We identify weak associations by computing a confidence interval on the co-occurrence proportion. For identified weak associations, you can get more details by hovering the (i) icon to display a measure of their weakness, which represent the minimum number of supporting articles withdraw that would make the association fall below our inclusion criteria. See our preprint for more details.

The results provide associations with most domains of the MeSH thesaurus. The MeSH root allows to easily filter out by top-level categories:

The remaining categories are ignored during computation, but can nonetheless appear in the results for terms belonging to multiple categories that include at least one of the above. More fine-grained filtering can be done from the MeSH tree numbers provided in the export file.

License

The FORUM association dataset is publically available without license restrictions. Licensing information of external resources used by FORUM can be accessed at the links below:

Acknowledgement

We thank the teams behind PubChem, PubMed, MeSH, CheBI, MetaNetX and ChemOnt for gratefully providing open data as well as great support for their use, which has made FORUM possible. The FORUM project is not affiliated with any of the cited source. The FORUM project is supported by INRAE, France's National Research Institute for Agriculture, Food and Environment, The H2020 Goliath project and the INRAE CATI EMPREINTE.

Technical information

1 - Install environment

1.1 - Install Docker:

Follow instructions at https://docs.docker.com/engine/install/ubuntu/

1.2 - Install Virtuoso Docker container :

Before building the triplestore, you should create 5 directories:

So, for instance, you can execute:

mkdir data
mkdir -p docker-virtuoso/share
mkdir logs
mkdir config

Two possibility to build the triplestore:

If you want to use the docker image, first build it :

docker build -t forum/processes \
  --build-arg USER_ID=$(id -u) \
  --build-arg GROUP_ID=$(id -g) .

This allow to build an image with correct permissions that correspond to the local host. (https://vsupalov.com/docker-shared-permissions/)

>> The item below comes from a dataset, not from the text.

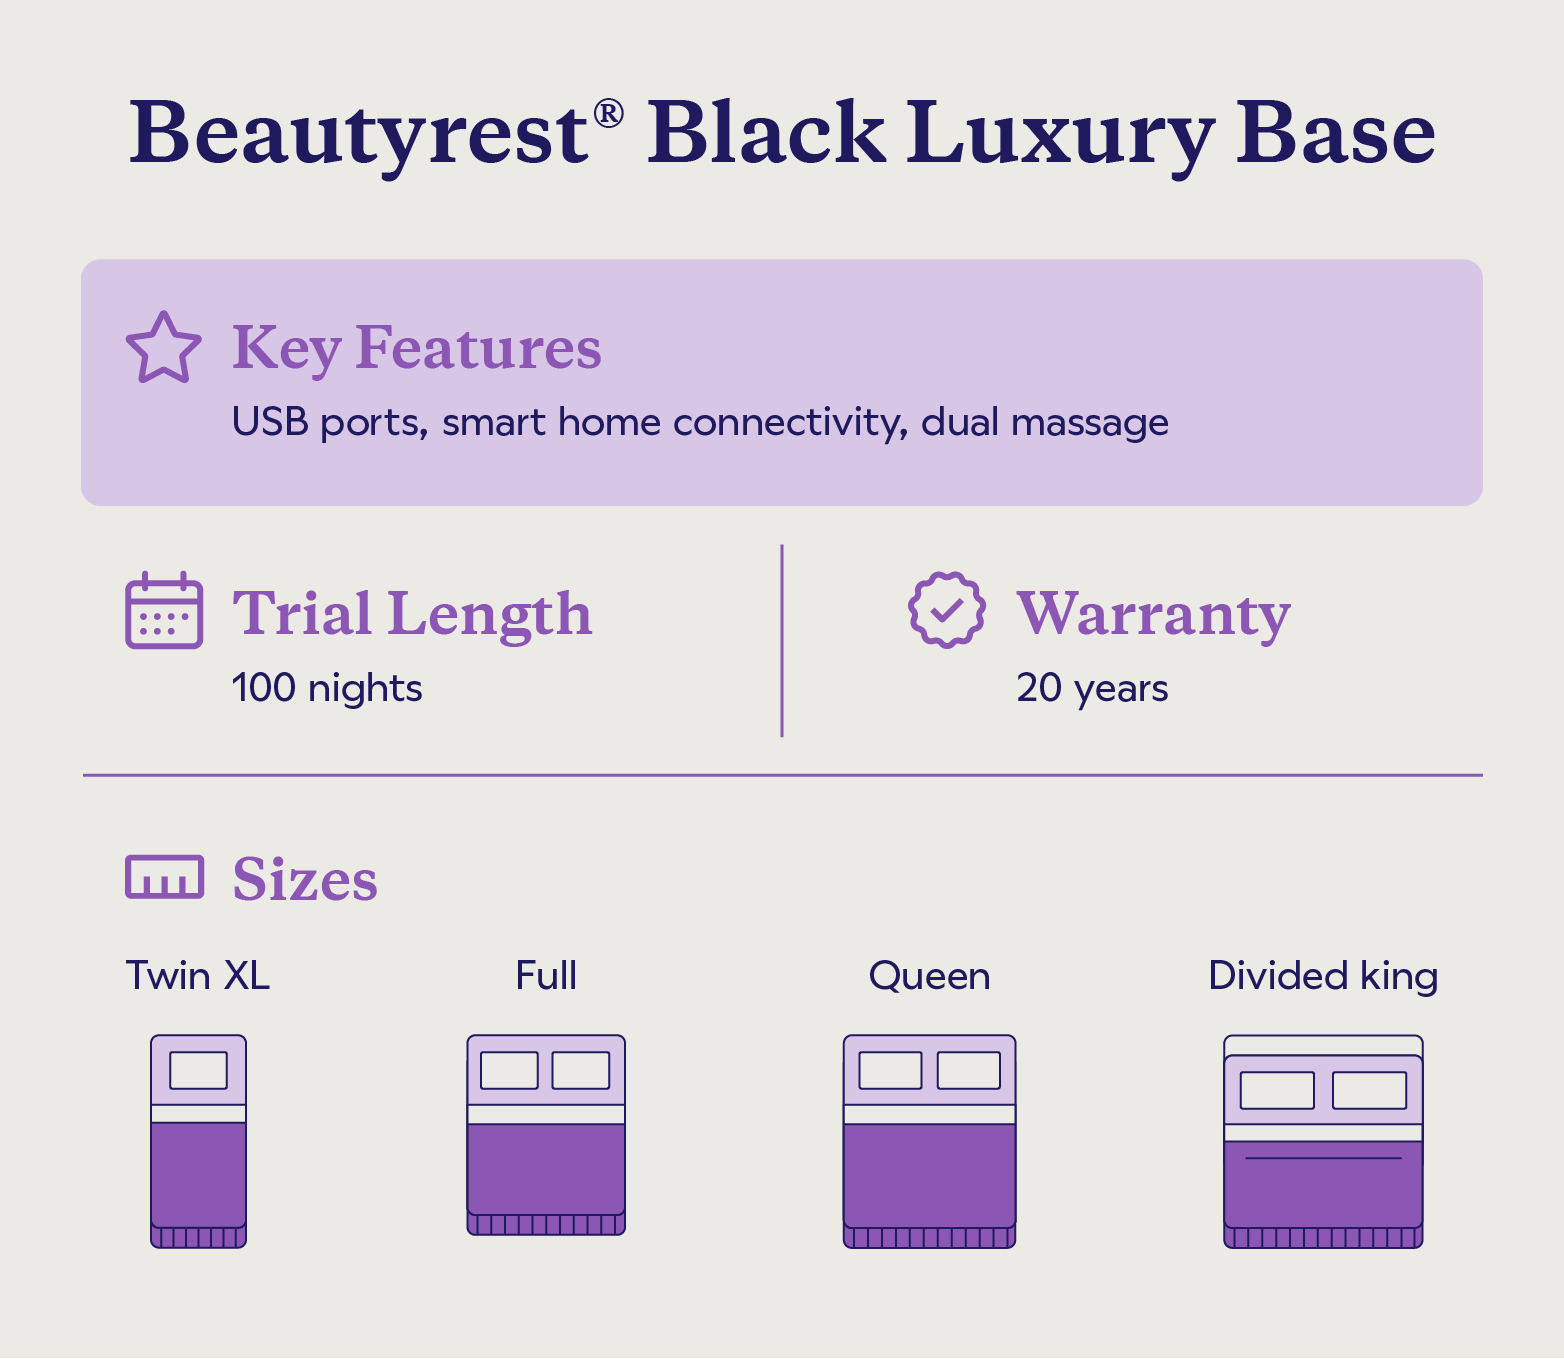 Key features and sizes of the Beautyrest Black Luxury Base.
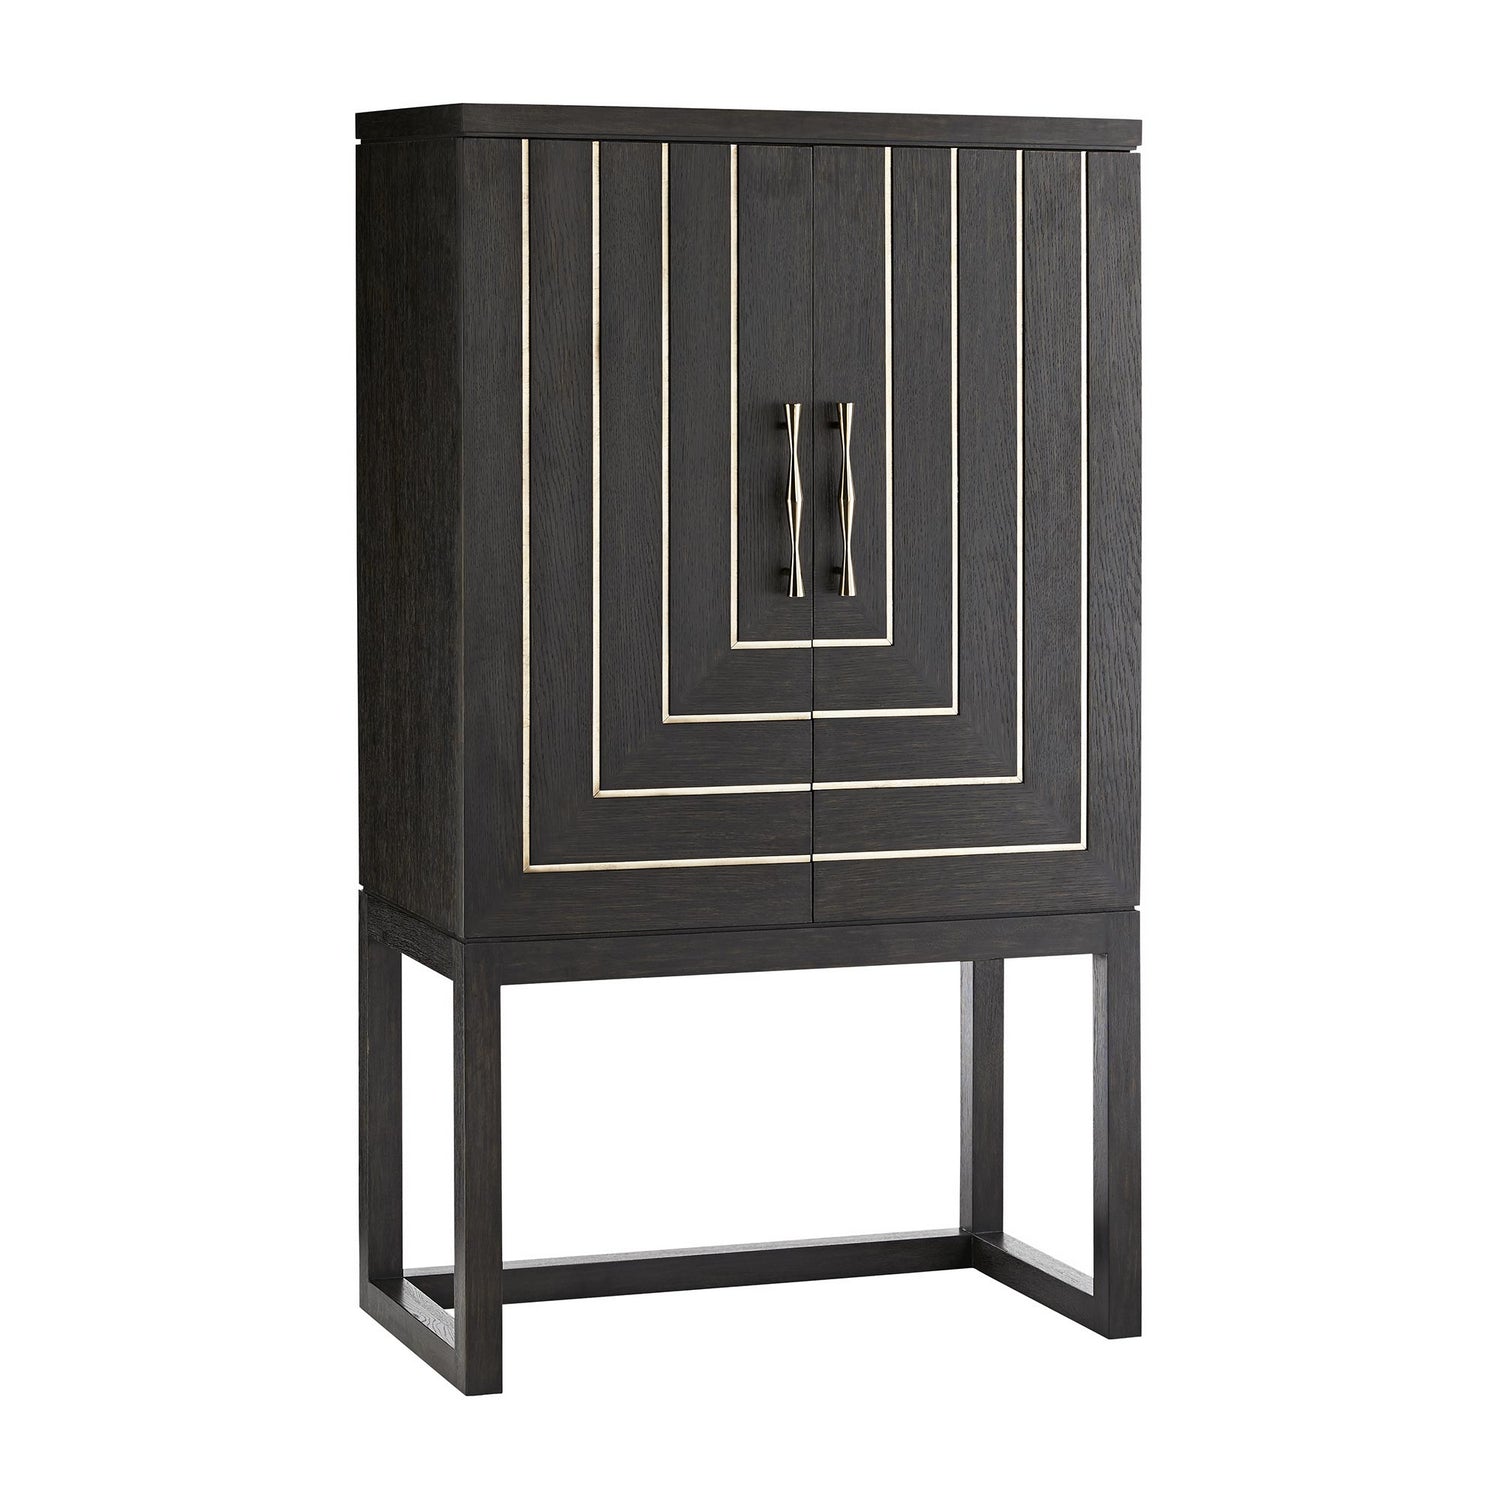 Cabinet from the McMahen collection in Sable finish

In this container, three directories are intented to be bind with the host:

Then, you can launch it using:

docker run --name forum_scripts --rm -it --network="host" \
-v /path/docker-virtuoso/share:/workdir/share-virtuoso \
-v /path/to/data/dir:/workdir/out \
-v /path/to/log/dir:/workdir/logs-app \
-v /path/to/config/dir:/workdir/config \
forum/processes bash

or in detach mode :

docker run --detach --name forum_scripts --rm -t --network="host" \
-v /path/docker-virtuoso/share:/workdir/share-virtuoso \
-v /path/to/data/dir:/workdir/out \
-v /path/to/log/dir:/workdir/logs-app \
-v /path/to/config/dir:/workdir/config \
forum/processes bash

When using detach mode, the container is running in the background, which can be really convinient to avoid Broken pipe, for instance if your are working on a server. You can open an interactive bash shell on the container running in the background by using :

docker exec -it forum_scripts bash

You can then navigate in the container (like in a classic docker) to modify configuration files, make tests on scripts, check mount directories, etc ...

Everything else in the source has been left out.